= Beginning of Section =

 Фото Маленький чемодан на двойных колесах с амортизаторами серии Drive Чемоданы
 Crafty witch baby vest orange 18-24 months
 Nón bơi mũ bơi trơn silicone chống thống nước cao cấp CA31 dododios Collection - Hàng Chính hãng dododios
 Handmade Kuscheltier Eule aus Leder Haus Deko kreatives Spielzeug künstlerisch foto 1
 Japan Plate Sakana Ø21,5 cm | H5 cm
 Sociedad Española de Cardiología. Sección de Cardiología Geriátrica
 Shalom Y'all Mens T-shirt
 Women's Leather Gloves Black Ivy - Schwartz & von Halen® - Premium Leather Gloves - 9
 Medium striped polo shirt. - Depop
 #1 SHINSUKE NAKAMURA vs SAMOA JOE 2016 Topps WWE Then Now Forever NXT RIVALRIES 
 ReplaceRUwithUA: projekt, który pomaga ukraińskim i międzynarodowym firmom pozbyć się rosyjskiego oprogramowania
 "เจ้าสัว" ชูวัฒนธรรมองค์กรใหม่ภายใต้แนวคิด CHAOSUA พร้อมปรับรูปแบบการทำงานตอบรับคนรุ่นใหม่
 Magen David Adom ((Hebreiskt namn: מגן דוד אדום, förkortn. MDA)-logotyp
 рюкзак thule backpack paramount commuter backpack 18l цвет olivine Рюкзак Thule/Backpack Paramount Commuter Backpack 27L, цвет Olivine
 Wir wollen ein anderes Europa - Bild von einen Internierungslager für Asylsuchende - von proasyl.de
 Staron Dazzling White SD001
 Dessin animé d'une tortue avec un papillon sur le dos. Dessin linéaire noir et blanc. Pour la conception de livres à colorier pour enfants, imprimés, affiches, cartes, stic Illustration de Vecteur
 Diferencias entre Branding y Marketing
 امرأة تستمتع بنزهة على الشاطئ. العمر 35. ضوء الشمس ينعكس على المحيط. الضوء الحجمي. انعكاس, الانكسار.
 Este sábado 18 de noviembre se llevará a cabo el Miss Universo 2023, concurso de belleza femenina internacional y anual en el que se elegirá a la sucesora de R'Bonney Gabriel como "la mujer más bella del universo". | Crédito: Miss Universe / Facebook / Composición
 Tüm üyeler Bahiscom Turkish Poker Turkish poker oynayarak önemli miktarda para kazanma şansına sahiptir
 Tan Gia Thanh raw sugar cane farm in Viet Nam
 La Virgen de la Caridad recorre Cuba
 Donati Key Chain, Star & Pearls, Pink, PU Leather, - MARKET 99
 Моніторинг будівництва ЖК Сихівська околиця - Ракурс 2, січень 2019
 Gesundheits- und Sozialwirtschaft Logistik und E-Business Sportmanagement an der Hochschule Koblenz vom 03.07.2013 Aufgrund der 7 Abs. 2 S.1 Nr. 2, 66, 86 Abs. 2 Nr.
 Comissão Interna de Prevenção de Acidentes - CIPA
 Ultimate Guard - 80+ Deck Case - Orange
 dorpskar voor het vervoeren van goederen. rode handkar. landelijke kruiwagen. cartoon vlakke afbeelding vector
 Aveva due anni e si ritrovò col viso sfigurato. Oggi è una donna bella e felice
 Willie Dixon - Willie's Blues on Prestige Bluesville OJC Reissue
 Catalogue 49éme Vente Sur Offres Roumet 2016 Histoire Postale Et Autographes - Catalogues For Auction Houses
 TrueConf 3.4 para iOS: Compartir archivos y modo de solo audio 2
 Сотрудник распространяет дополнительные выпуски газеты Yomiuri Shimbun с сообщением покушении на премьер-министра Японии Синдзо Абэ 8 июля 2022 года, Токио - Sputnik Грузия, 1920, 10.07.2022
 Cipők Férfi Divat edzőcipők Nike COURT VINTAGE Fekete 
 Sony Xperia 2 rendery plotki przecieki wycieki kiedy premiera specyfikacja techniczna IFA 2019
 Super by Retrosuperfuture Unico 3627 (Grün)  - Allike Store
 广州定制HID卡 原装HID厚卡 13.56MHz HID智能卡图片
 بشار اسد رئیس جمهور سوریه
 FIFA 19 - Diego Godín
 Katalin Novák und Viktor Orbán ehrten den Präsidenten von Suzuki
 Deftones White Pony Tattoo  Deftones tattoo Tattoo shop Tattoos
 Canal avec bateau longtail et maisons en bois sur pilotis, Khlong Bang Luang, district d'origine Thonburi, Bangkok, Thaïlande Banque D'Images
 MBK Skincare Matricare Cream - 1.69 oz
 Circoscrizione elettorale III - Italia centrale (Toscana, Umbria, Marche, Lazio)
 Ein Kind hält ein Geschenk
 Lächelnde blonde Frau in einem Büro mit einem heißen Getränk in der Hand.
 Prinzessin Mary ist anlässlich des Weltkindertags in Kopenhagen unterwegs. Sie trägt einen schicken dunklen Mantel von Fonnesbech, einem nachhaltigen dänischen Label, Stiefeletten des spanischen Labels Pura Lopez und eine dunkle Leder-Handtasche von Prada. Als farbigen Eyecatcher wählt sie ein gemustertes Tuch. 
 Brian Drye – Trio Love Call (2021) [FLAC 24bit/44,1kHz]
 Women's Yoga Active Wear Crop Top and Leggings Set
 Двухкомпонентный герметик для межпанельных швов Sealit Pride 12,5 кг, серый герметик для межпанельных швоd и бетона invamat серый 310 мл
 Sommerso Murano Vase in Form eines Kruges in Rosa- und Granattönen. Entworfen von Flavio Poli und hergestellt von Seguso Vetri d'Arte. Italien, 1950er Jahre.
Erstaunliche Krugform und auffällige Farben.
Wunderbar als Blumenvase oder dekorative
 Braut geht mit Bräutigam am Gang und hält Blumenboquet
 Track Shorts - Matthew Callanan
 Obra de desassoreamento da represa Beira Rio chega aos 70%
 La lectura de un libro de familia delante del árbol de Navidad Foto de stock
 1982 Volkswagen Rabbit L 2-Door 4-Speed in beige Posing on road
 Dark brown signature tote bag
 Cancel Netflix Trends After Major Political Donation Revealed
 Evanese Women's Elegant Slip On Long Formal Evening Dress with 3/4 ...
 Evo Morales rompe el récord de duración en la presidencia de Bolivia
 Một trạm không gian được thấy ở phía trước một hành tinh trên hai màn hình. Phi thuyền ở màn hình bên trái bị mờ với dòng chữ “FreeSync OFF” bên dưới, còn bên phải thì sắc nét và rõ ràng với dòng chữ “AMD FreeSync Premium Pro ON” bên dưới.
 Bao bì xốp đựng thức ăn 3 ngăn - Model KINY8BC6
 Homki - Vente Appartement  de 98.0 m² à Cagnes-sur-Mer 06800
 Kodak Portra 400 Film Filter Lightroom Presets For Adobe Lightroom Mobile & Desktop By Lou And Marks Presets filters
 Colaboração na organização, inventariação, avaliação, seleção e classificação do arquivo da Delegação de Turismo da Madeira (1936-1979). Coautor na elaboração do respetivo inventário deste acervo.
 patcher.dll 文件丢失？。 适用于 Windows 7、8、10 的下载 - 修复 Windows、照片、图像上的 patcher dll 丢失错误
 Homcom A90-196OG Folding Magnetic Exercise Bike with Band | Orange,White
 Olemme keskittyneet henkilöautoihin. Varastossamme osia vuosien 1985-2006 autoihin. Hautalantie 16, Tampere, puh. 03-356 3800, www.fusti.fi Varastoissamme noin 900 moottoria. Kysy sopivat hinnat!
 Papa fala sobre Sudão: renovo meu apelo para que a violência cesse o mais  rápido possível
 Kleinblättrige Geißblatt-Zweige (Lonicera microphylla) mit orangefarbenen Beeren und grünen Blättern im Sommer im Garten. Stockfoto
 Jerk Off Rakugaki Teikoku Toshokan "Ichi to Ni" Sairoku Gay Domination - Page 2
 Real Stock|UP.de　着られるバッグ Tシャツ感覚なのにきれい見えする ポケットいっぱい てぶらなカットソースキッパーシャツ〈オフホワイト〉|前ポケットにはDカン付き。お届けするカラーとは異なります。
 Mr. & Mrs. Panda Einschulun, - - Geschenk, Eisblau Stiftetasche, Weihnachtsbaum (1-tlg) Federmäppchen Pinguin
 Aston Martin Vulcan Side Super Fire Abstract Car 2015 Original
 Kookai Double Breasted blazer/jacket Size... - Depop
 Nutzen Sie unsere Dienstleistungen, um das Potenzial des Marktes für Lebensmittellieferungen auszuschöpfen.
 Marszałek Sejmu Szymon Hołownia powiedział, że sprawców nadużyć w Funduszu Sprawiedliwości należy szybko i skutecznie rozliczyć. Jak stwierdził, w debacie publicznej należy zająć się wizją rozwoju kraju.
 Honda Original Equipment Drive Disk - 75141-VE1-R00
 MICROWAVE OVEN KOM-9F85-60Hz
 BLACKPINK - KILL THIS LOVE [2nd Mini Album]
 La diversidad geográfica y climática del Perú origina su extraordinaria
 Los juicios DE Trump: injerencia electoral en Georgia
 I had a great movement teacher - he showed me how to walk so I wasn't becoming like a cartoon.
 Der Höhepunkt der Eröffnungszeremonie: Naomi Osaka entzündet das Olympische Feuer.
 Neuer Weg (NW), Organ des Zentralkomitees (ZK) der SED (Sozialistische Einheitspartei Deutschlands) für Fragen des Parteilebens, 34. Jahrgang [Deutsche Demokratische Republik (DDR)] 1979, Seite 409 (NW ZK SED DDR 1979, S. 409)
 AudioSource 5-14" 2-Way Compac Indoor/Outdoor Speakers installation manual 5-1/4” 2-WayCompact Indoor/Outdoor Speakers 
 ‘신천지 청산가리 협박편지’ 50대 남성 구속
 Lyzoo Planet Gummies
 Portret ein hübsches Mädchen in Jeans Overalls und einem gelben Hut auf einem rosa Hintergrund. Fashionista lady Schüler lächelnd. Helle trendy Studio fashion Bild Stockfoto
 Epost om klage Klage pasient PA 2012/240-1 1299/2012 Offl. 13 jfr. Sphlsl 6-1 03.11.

= End of Section =

**WHAT TO DO**
From the data above, return every line from the line that has "Olemme keskittyneet henkilöautoihin." up to and including the line that has "Nutzen Sie unsere", exactly.

**TASK SOLUTION**
 Olemme keskittyneet henkilöautoihin. Varastossamme osia vuosien 1985-2006 autoihin. Hautalantie 16, Tampere, puh. 03-356 3800, www.fusti.fi Varastoissamme noin 900 moottoria. Kysy sopivat hinnat!
 Papa fala sobre Sudão: renovo meu apelo para que a violência cesse o mais  rápido possível
 Kleinblättrige Geißblatt-Zweige (Lonicera microphylla) mit orangefarbenen Beeren und grünen Blättern im Sommer im Garten. Stockfoto
 Jerk Off Rakugaki Teikoku Toshokan "Ichi to Ni" Sairoku Gay Domination - Page 2
 Real Stock|UP.de　着られるバッグ Tシャツ感覚なのにきれい見えする ポケットいっぱい てぶらなカットソースキッパーシャツ〈オフホワイト〉|前ポケットにはDカン付き。お届けするカラーとは異なります。
 Mr. & Mrs. Panda Einschulun, - - Geschenk, Eisblau Stiftetasche, Weihnachtsbaum (1-tlg) Federmäppchen Pinguin
 Aston Martin Vulcan Side Super Fire Abstract Car 2015 Original
 Kookai Double Breasted blazer/jacket Size... - Depop
 Nutzen Sie unsere Dienstleistungen, um das Potenzial des Marktes für Lebensmittellieferungen auszuschöpfen.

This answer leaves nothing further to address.